• [Supplied material]
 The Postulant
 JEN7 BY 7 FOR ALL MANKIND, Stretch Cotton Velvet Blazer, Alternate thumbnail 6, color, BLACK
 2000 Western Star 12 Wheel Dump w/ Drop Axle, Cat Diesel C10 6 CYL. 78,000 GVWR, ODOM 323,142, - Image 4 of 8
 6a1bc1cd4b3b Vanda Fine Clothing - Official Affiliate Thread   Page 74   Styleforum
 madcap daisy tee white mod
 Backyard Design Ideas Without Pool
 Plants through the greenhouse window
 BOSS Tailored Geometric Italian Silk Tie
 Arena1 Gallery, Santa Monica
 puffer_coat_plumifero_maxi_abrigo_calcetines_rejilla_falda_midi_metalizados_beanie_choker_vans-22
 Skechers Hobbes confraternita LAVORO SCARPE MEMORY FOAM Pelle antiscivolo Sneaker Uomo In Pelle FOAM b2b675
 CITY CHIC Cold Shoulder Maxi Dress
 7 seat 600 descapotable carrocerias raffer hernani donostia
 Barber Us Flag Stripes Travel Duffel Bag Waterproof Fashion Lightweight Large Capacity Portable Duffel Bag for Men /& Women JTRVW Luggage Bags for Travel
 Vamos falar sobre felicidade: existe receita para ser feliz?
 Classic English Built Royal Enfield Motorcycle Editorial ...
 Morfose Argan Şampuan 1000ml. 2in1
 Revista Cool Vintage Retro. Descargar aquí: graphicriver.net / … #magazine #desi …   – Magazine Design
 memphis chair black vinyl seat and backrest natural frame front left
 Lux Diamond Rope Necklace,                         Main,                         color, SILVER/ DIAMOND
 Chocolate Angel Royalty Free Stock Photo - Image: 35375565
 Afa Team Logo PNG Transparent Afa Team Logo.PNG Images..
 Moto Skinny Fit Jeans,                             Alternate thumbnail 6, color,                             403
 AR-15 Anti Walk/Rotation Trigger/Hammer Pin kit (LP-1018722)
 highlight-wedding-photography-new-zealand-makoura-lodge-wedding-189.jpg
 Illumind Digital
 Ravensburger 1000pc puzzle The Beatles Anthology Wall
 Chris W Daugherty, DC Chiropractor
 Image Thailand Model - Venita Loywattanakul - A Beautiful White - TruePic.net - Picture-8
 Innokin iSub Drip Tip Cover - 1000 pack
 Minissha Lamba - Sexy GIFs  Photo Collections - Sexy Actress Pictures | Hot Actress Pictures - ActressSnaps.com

• [Activity]
Retype the records above from the very first line down to the line with "6a1bc1cd4b3b Vanda Fine", keeping both of those lines. Include nothing beyond them.

• [Expected answer]
 The Postulant
 JEN7 BY 7 FOR ALL MANKIND, Stretch Cotton Velvet Blazer, Alternate thumbnail 6, color, BLACK
 2000 Western Star 12 Wheel Dump w/ Drop Axle, Cat Diesel C10 6 CYL. 78,000 GVWR, ODOM 323,142, - Image 4 of 8
 6a1bc1cd4b3b Vanda Fine Clothing - Official Affiliate Thread   Page 74   Styleforum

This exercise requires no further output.